Upon opening to traffic in 1980, it was known as the widest and longest swing bridge in Britain. The bridge was swung open at least two times per day (on average 60 times per month). These timings were normally associated with high tide as most vessels were unable to pass underneath the bridge. The mechanism to swing the bridge open takes 150 seconds, creating a clear passage of 98 ft for river vessels. Closure takes 30 seconds less than opening. Initial estimates were of 30,000 vehicles using the bridge every week. By 2004, it was carrying about 40,000 vehicles a day, and was required to open to river traffic on average ten times per month. By 2010, it was opening 200–300 times per year (around 16–25 times per month). Hull City Council encouraged businesses to move away from the River Hull, and as a result, since 2011, openings of the bridge have averaged 20–30 times a month, and are coordinated to be when the traffic flow is at a minimum. Access underneath the approach ramps to each bridge provides routes for vehicles and pedestrians; on the west side this is High Street, on the east side, the road provides access to The Deep.

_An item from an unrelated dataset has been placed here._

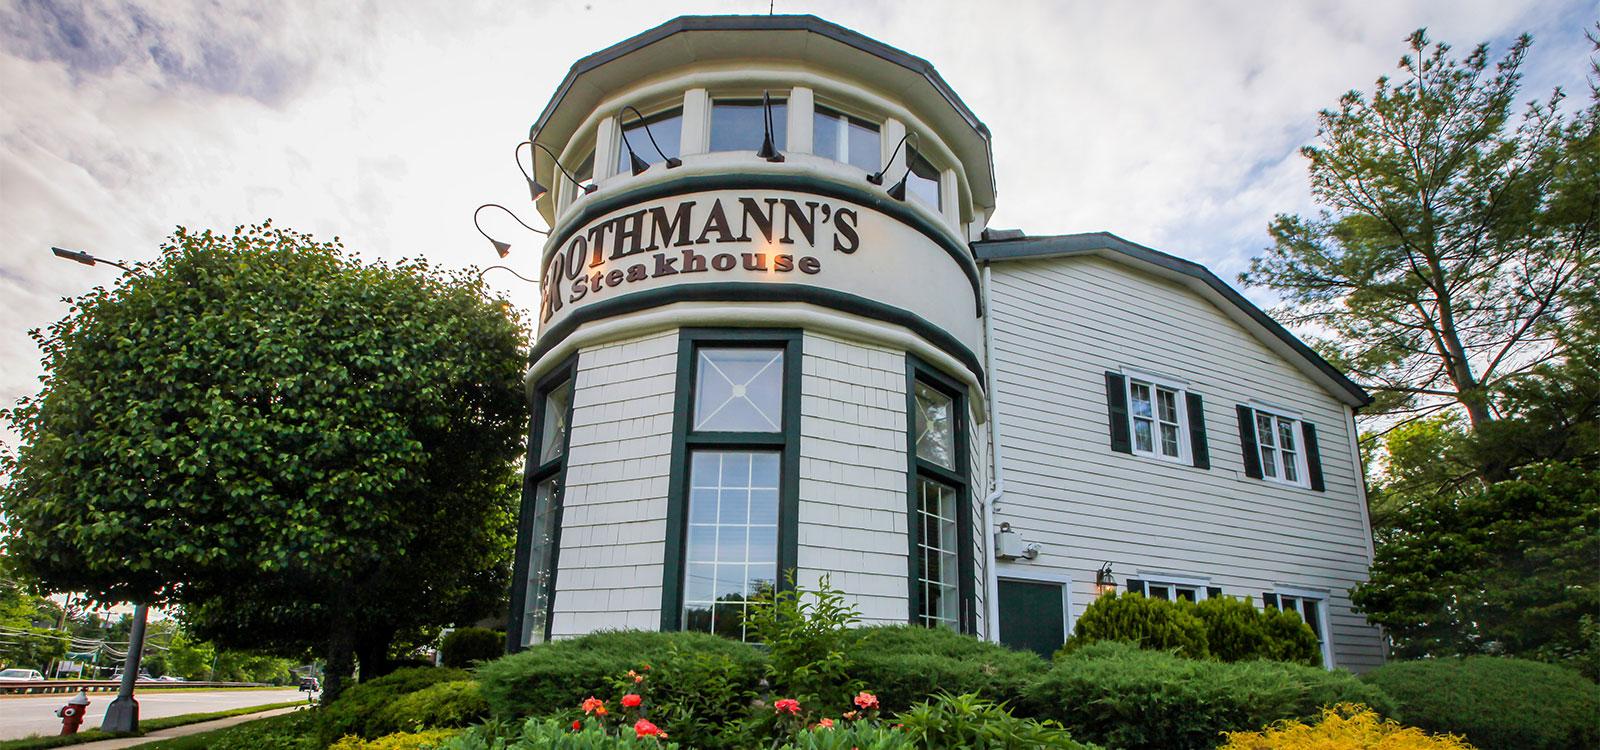 Portrait of Rothmann's Steakhouse
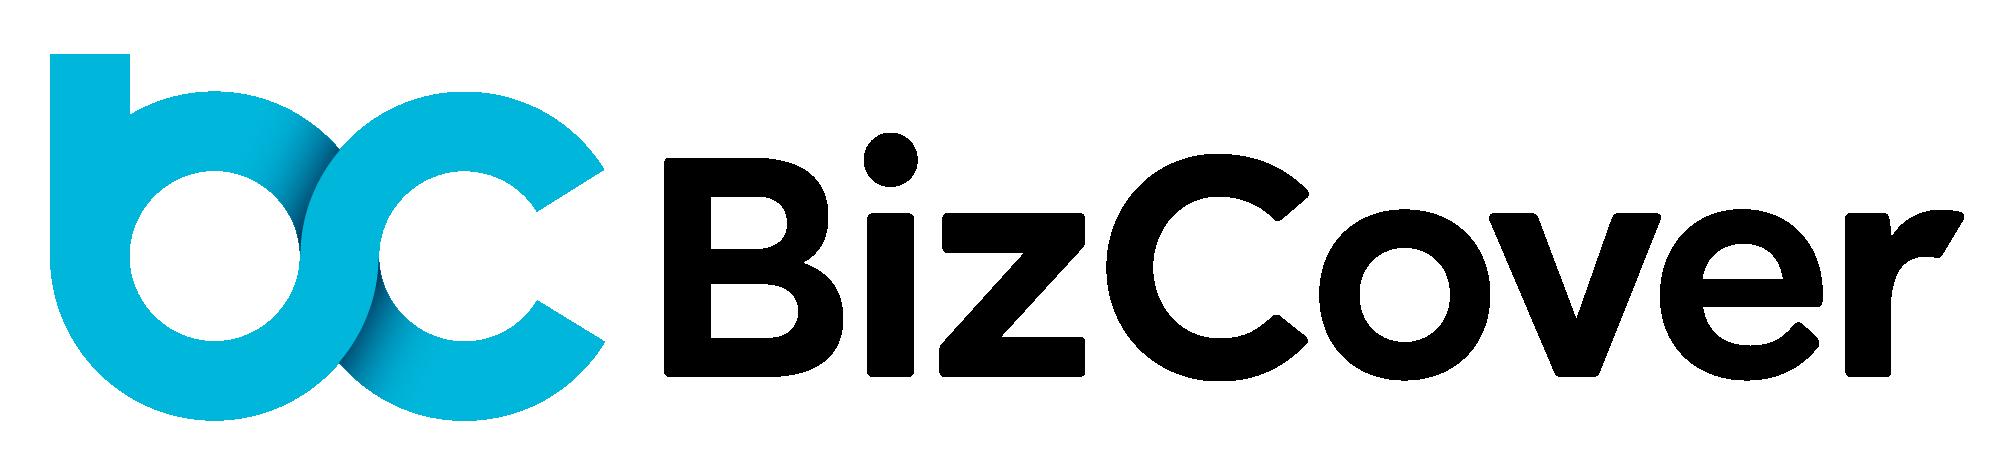 BizCover_Web_Logo.png

A year after opening, the bridge was given an award in the 1981 Structural Steel Design Awards for its "imaginative Design". Throughout the 1980s, the bridge was known to break down, causing tailbacks on either side of the bridge. New motors, pumps and a drive system were installed in 1990 at a cost of £700,000. The bridge was extensively renovated in the summer of 2023. This involved whole weekend closures with diversions around the city. Whilst these renovations were underway, the repair team needed seven days notice for any vessels which required the bridge to be swung open as this would involve moving plant machinery and enabling the balance to be correct.